Principal component RDMs.

Principal component RDMs were created in a similar fashion to the neural RDMs except that they were composed of the representational distances between principal component loadings for each pairwise combination of thought probes. This was done separately for each principal component [detail, task unrelated thought (TUT), modality, and emotion] in the 0- and 1-back conditions. The use of varimax rotation in the MDES decomposition allowed us to construct four separate models in each task that were not collinear.

RSA model comparison.

We removed the diagonal components of each RDM and used one-half of the correlation matrix (the duplicated values).
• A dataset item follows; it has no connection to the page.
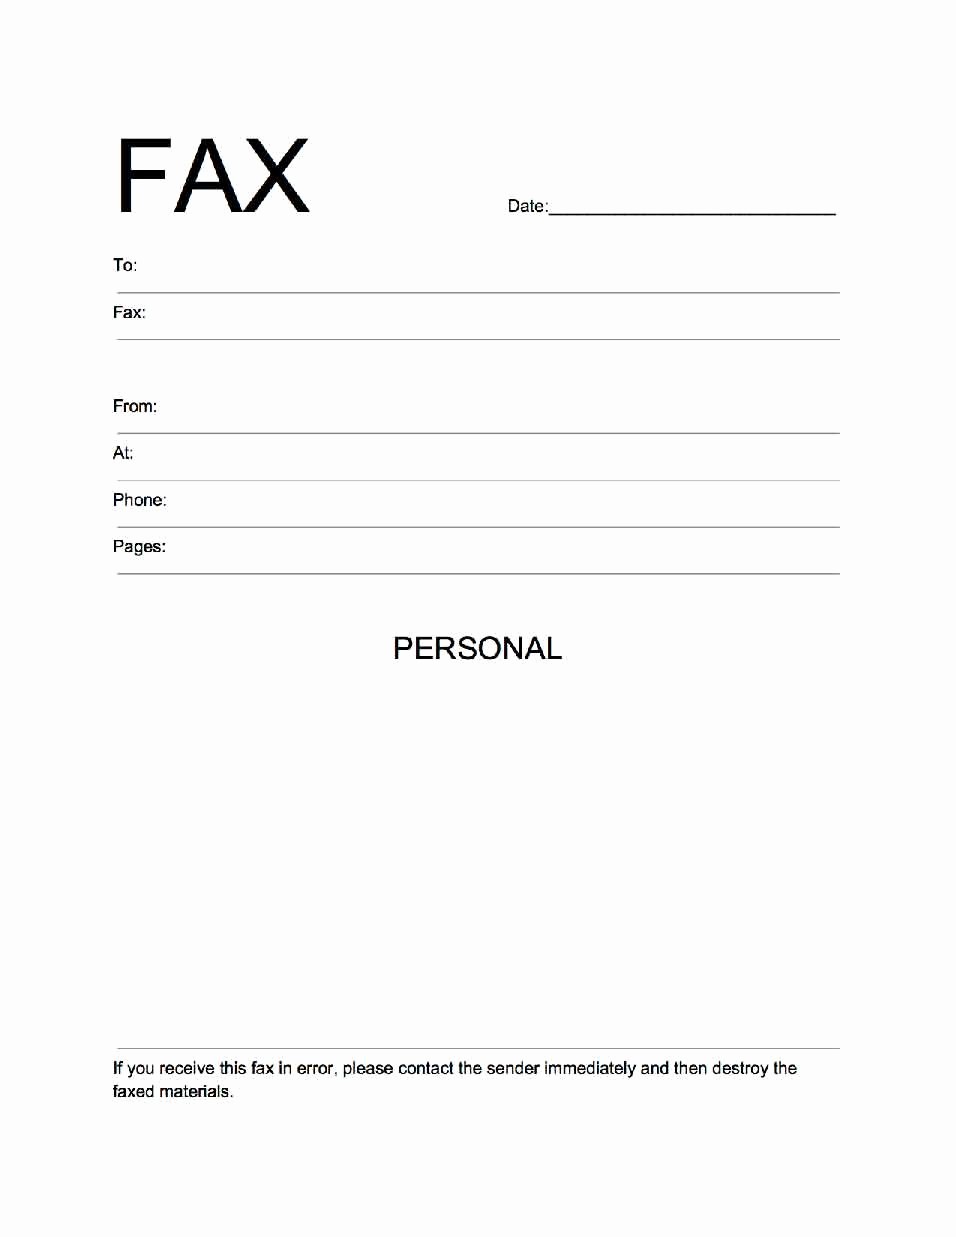 Basic Fax Cover Sheet Template Beautiful Pin by Calendar Printable On Printable Calendar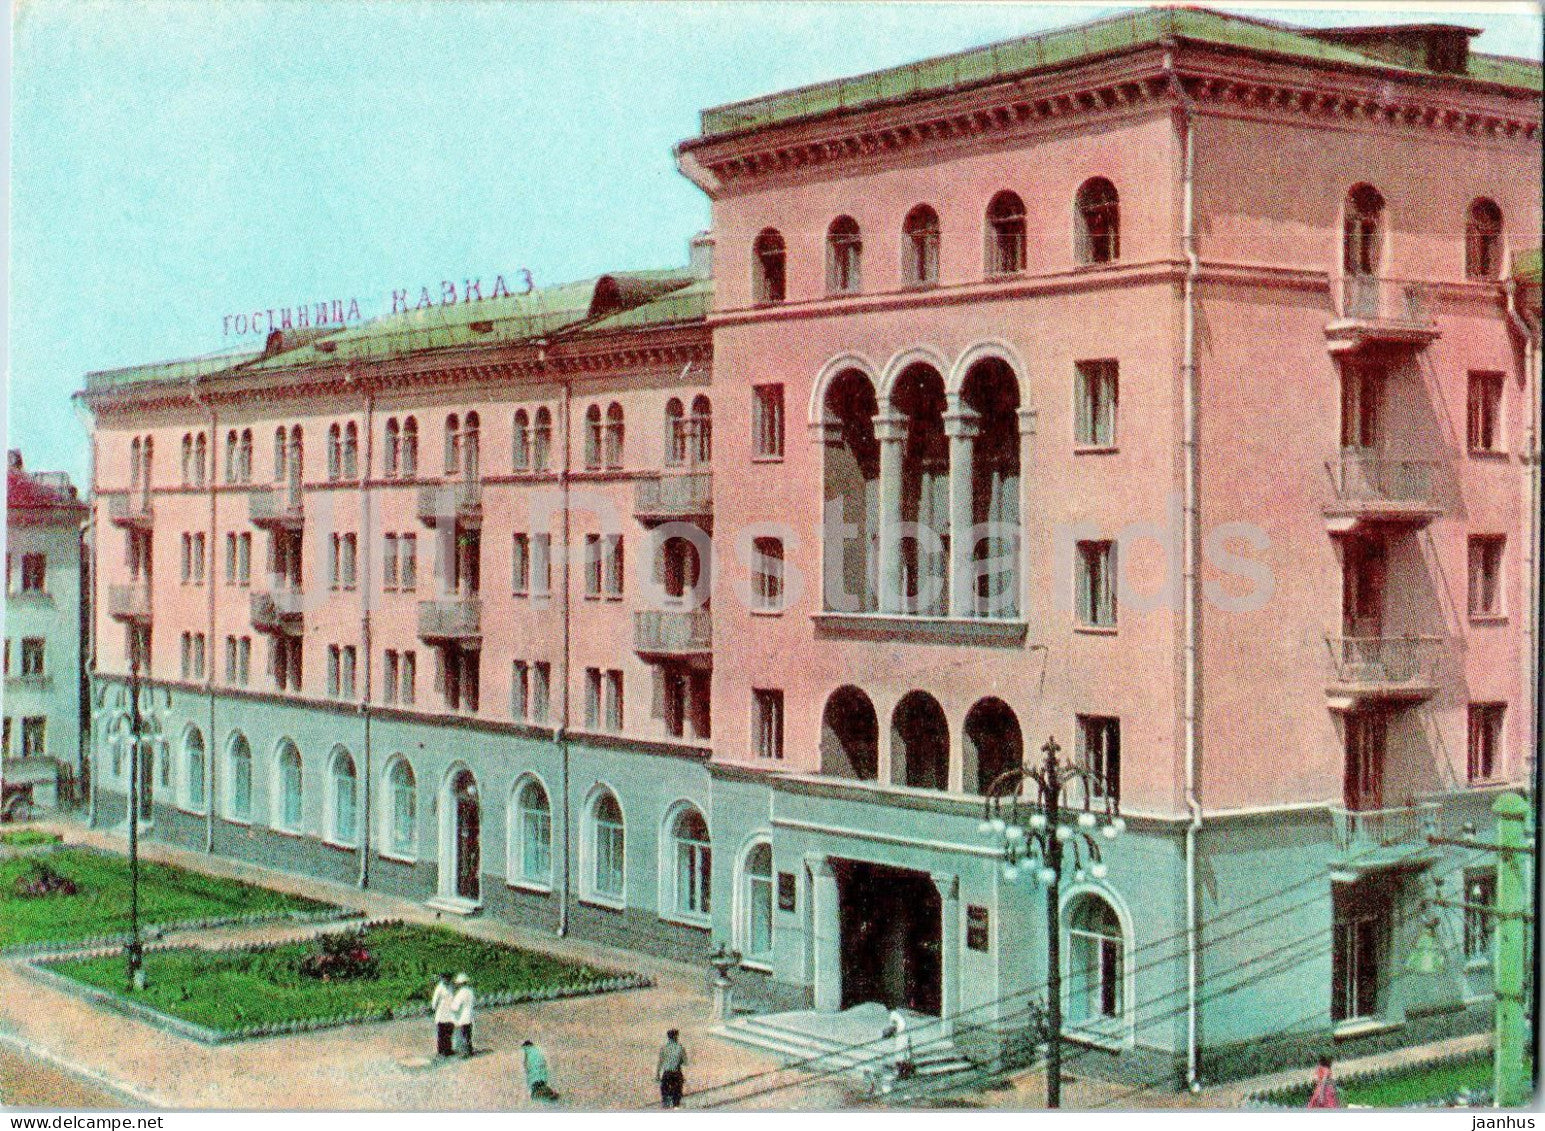 Vladikavkaz - Ordzhonikidze - hotel Kavkaz (Caucasus) - 1964 - Russia USSR - unused - JH Postcards

We used Spearman rank correlations (29) between each principal component RDM model (detail, TUT, modality, and emotion) in each condition (0-back, 1-back) and each neural RDM in each condition (0- and 1-back thought probes). RDMs were calculated for each participant and averaged across session, leaving eight correlation values for each participant: one for each principal component RDM compared with the neural RDM in that condition. The r values were Fisher transformed to ensure they fit assumption of normality for significance testing. Mean RSA model fit scores for each of the 20 bins were z scored and superimposed onto the inflated surface of a standard MNI152 brain in Fig. 4.